In 1988, the Queensland Government amended the QIMR Act to make the institute a statutory authority. The premier at the time, Mike Ahern, secured $30 million to fund a new building for QIMR's increasing staff. The new building was officially opened in 1991, and was named the Bancroft Centre, as a memorial to the family who contributed to QIMR's early history.

In 1997, a donation of $20 million by property developer and philanthropist Clive Berghofer was matched by both the federal and state governments, and used to build the QIMR Cancer Research Centre.

In 2002, Q-Pharm Pty Limited became operational at the QIMR Cancer Research Centre. Q-Pharmis a Phase I clinical trials facility to test potential new therapeutic products on humans. It was owned by QIMR Berghofer until 2019. Also in 2002, a new Indigenous Health Research Program was initiated to focus on improving health outcomes for Aboriginal and Torres Strait Islander peoples and work in collaboration with Indigenous communities.

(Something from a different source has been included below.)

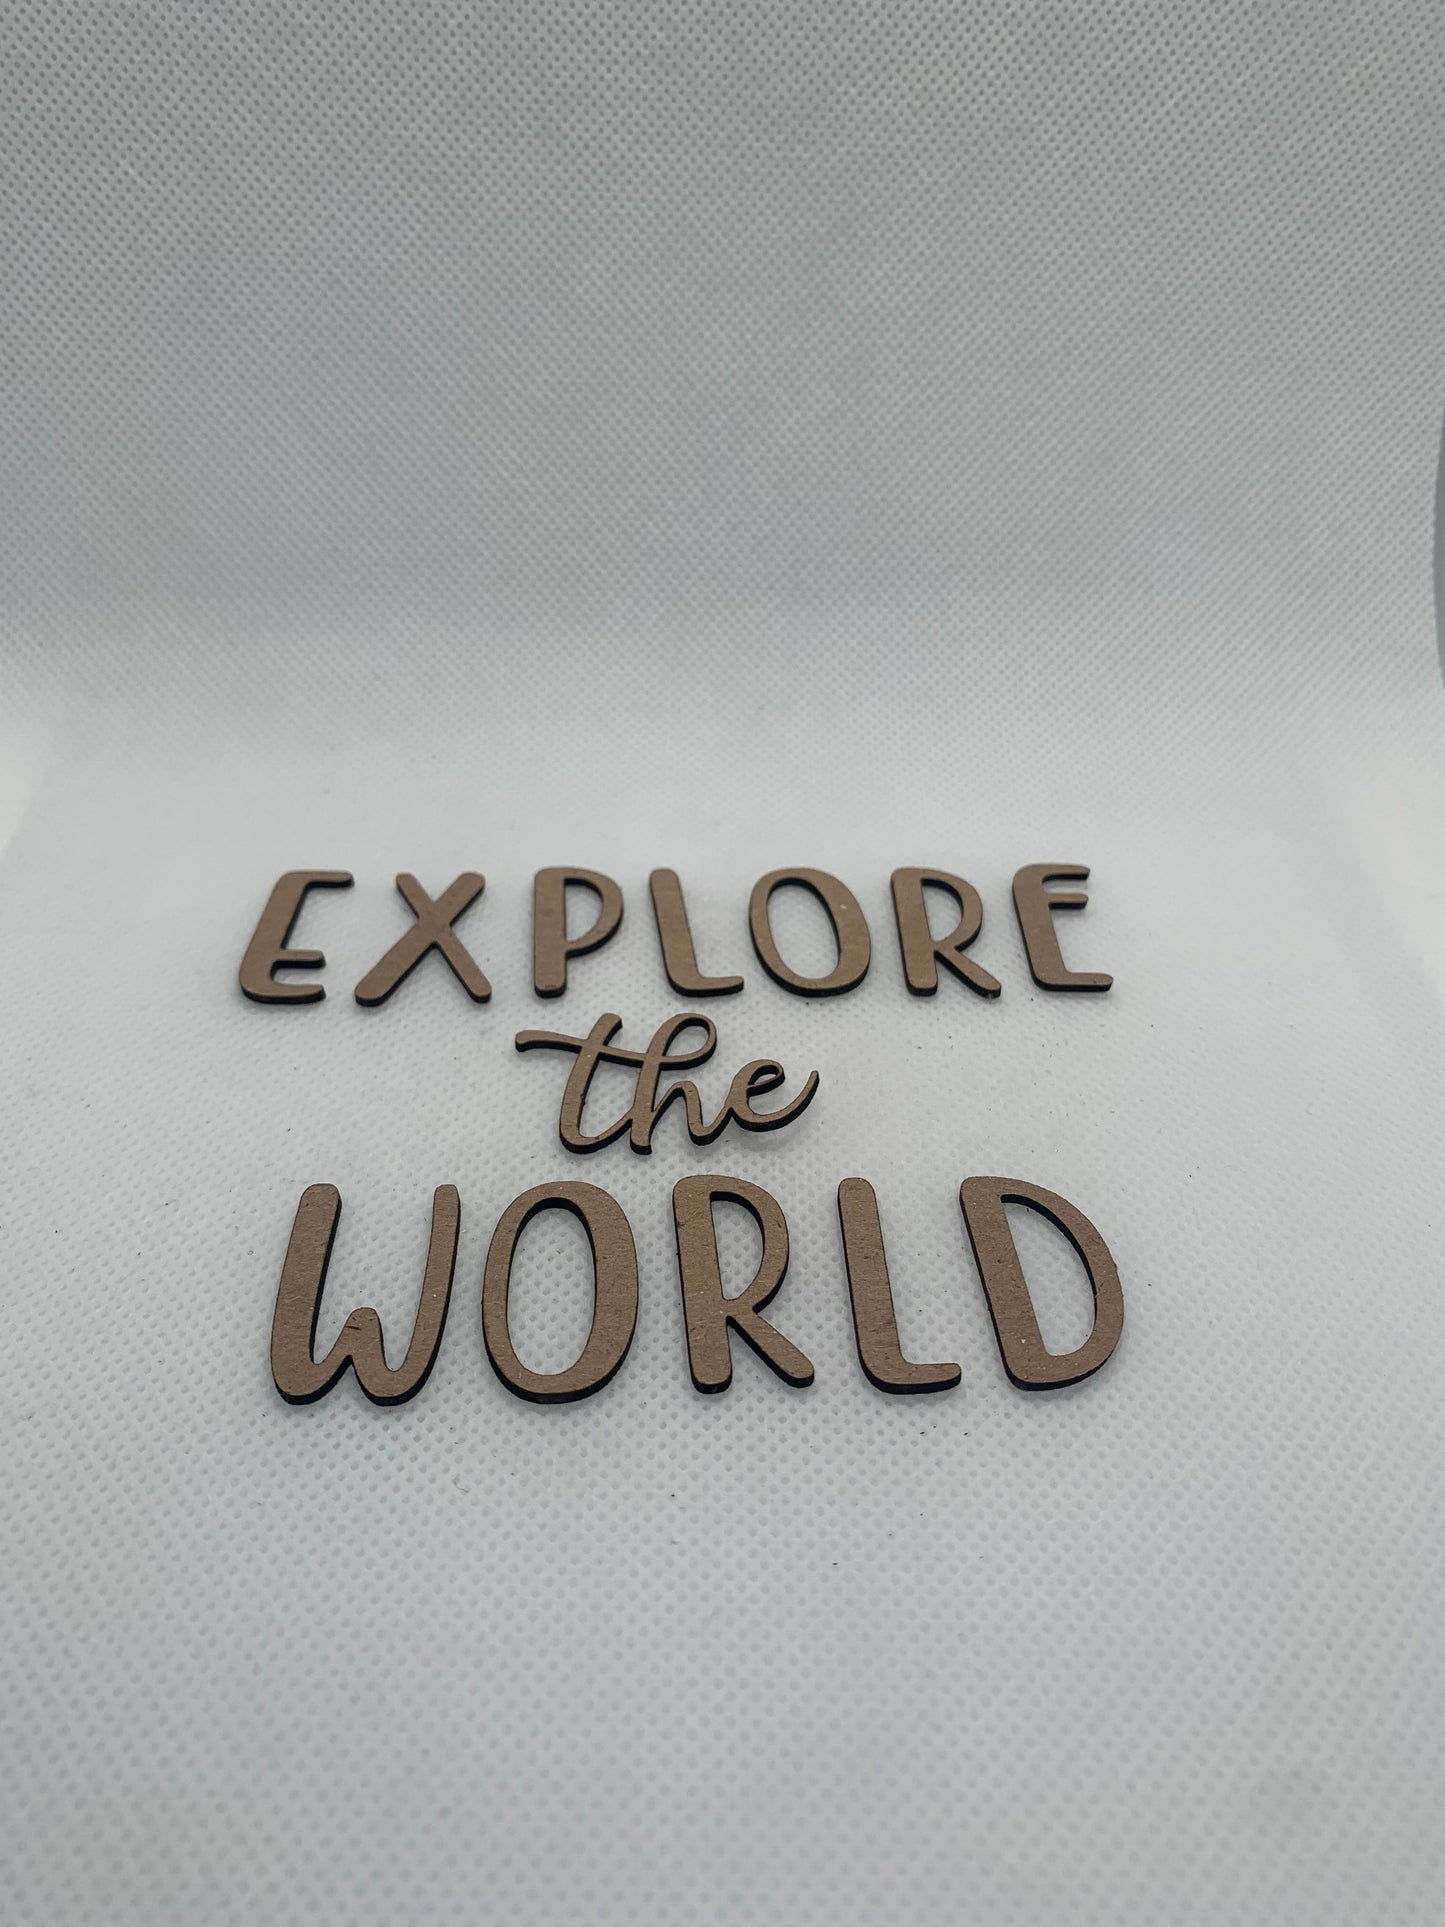 Explore the World title - Creative Designs By Kari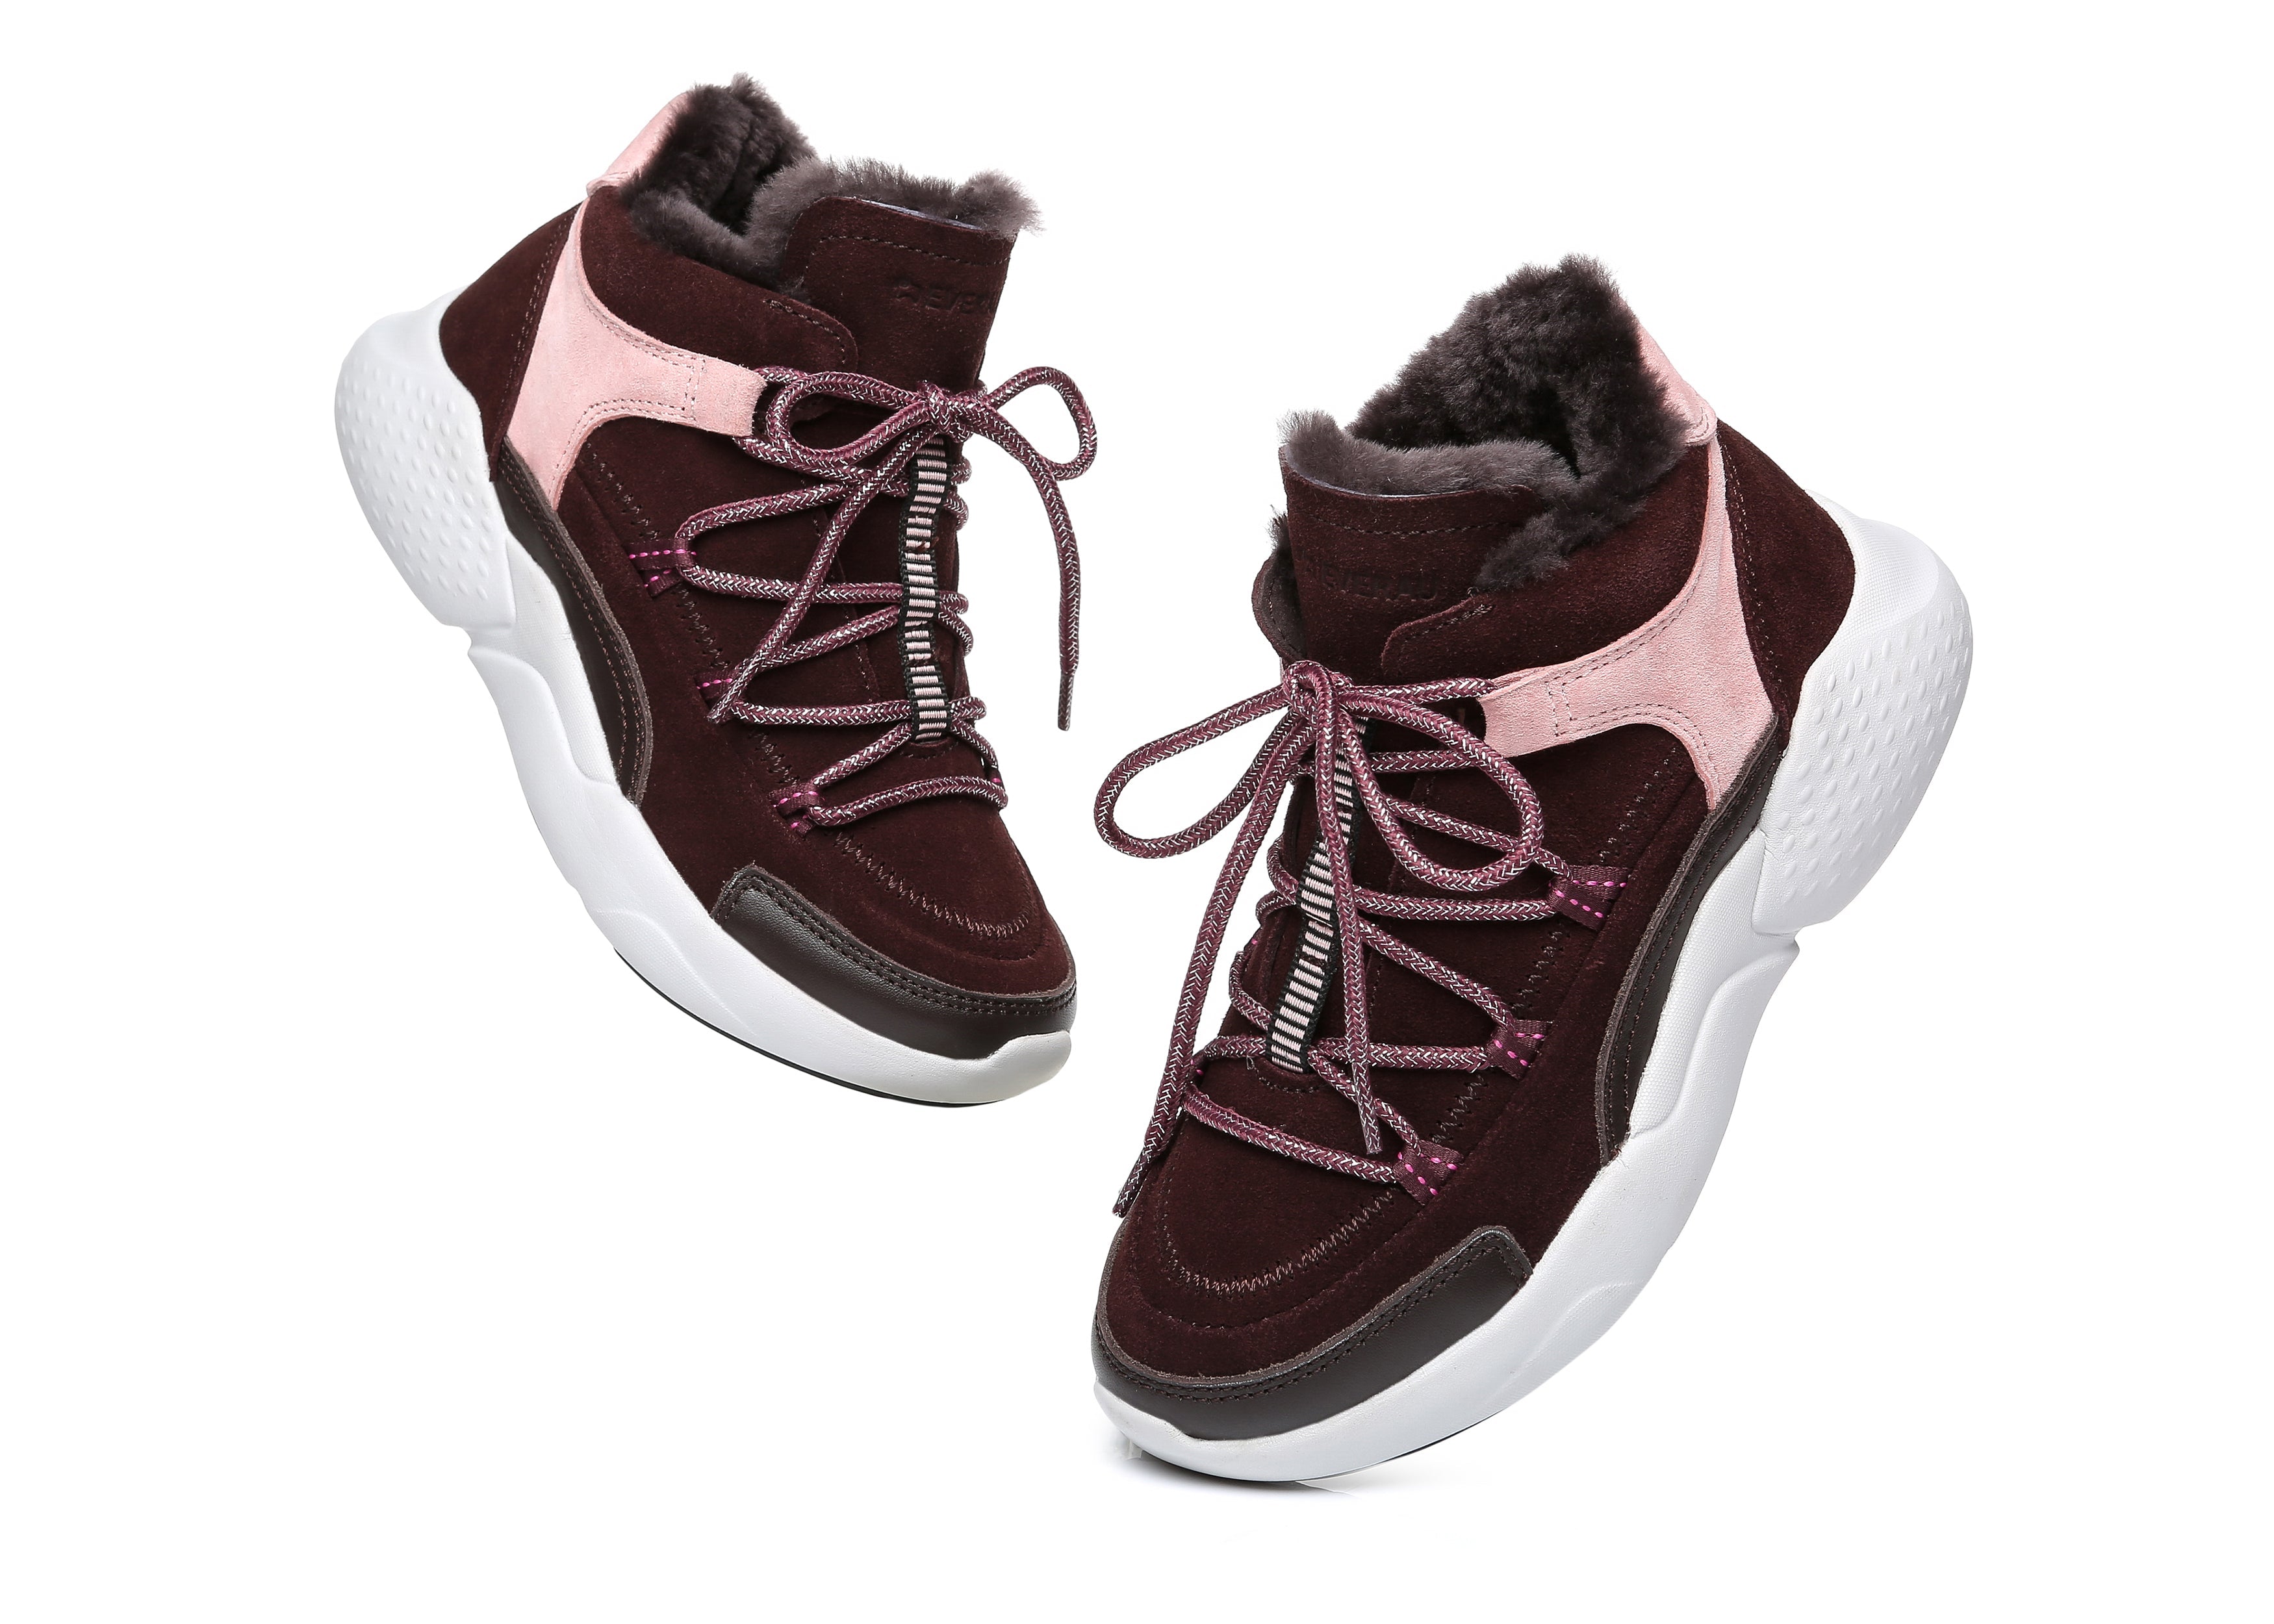 EVERAU® Sheepskin Lace-Up Sneakers Women Pink Jelly

In August 2013, QIMR was renamed to QIMR Berghofer after Clive Berghofer donated a further $50.1 million to the institute. The donation is the largest philanthropic gifting in Australian history by any one individual.

==Research==
The institute's research includes:
- Cancers, including leukaemia, skin, breast, prostate, pancreatic, oesophageal and colorectal cancers
- Infectious diseases such as HIV, malaria, group A streptococcus, Epstein-Barr virus, Ross River virus, scabies, dengue fever and schistosomiasis (blood flukes)
- Mental health, including schizophrenia, dementia and Alzheimer's disease
- Chronic disorders such as liver disease, asthma and haemochromatosis

==Location==
The institute is located at the Herston Health Precinct, in the inner suburb of Herston in Brisbane, Australia. The precinct co-locates QIMR Berghofer, the Royal Brisbane and Women's Hospital, the Surgical, Treatment and Rehabilitation Service, and the University of Queensland Centre for Clinical Research. The Queensland University of Technology also maintains a healthcare research presence on the campus, as well as at its nearby Kelvin Grove campus. Various other public health organisations (such as Pathology Queensland and Genetic Health Queensland) and private companies (such as Stryker and Nucleus Network) are present on the campus or in the immediate area.

==Key people==
===Directors===

| Order | Incumbent | Start date | End date | Time in office | Notes |
| 1 | Ian Murray Mackerras | 2 June 1947 | 1961 | 13–14 years |  |
| 2 | Edward Derrick | 1961 | 1966 | 13–14 years |  |
| 3 | Ralph Doherty | 1966 | 1978 | 11–12 years |
| 4 | Chev Kidson | 1978 | 1990 | 11–12 years |
| 5 | Lawrie Powell | 1990 | 2000 | 9–10 years |
| 6 | Michael F. Good AO | 2000 | June 2010 | 9–10 years |  |
| 7 | Frank Gannon | January 2011 | January 2020 | 9 years |  |
| 8 | Fabienne Mackay | May 2020 | Incumbent |  |  |

===Other key people===
- Deputy Director: Grant Ramm
- Council Chair: Arun Sharma
- Patron: Paul de Jersey , Governor of Queensland

== Awards ==
In 2010, the Queensland Institute of Medical Research was inducted into the Queensland Business Leaders Hall of Fame.

In 2021, the institute was named as one of the Queensland Greats by the Queensland Government.